▶ _EXERCISE OBJECTIVE_: Give back only the lines in the records below from the one with "Icerenkoy shopping mall" to the one with "Brush Hair Duster", both inclusive, word for word.

*** Opening of MATERIAL PROVIDED ***

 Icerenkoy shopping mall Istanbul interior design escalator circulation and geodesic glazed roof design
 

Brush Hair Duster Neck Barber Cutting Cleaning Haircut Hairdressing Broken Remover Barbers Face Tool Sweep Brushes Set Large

*** Close of MATERIAL PROVIDED ***
*** Opening of MATERIAL PROVIDED ***

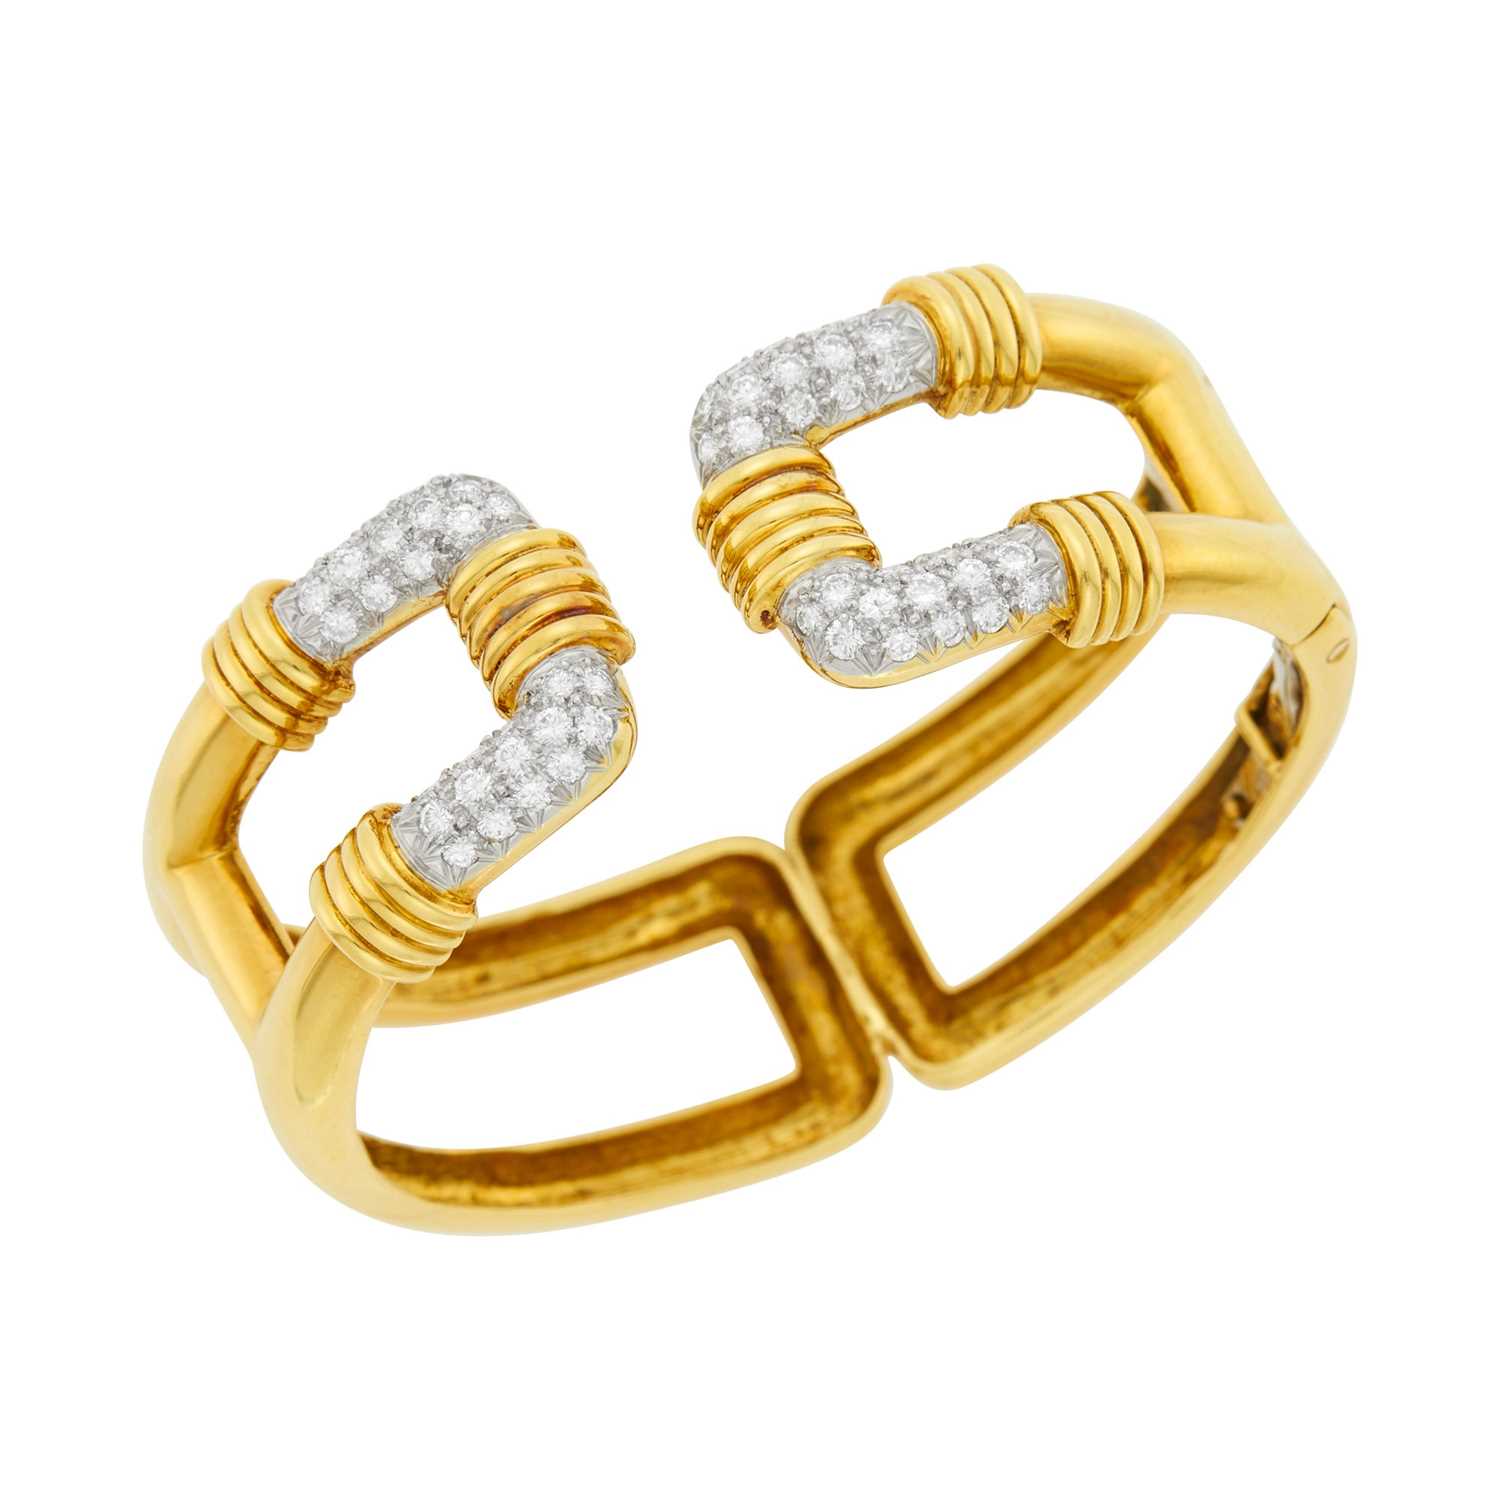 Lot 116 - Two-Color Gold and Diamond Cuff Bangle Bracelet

*** Close of MATERIAL PROVIDED ***

▶ _ANSWER TO THE PROBLEM_:
 Icerenkoy shopping mall Istanbul interior design escalator circulation and geodesic glazed roof design
 

Brush Hair Duster Neck Barber Cutting Cleaning Haircut Hairdressing Broken Remover Barbers Face Tool Sweep Brushes Set Large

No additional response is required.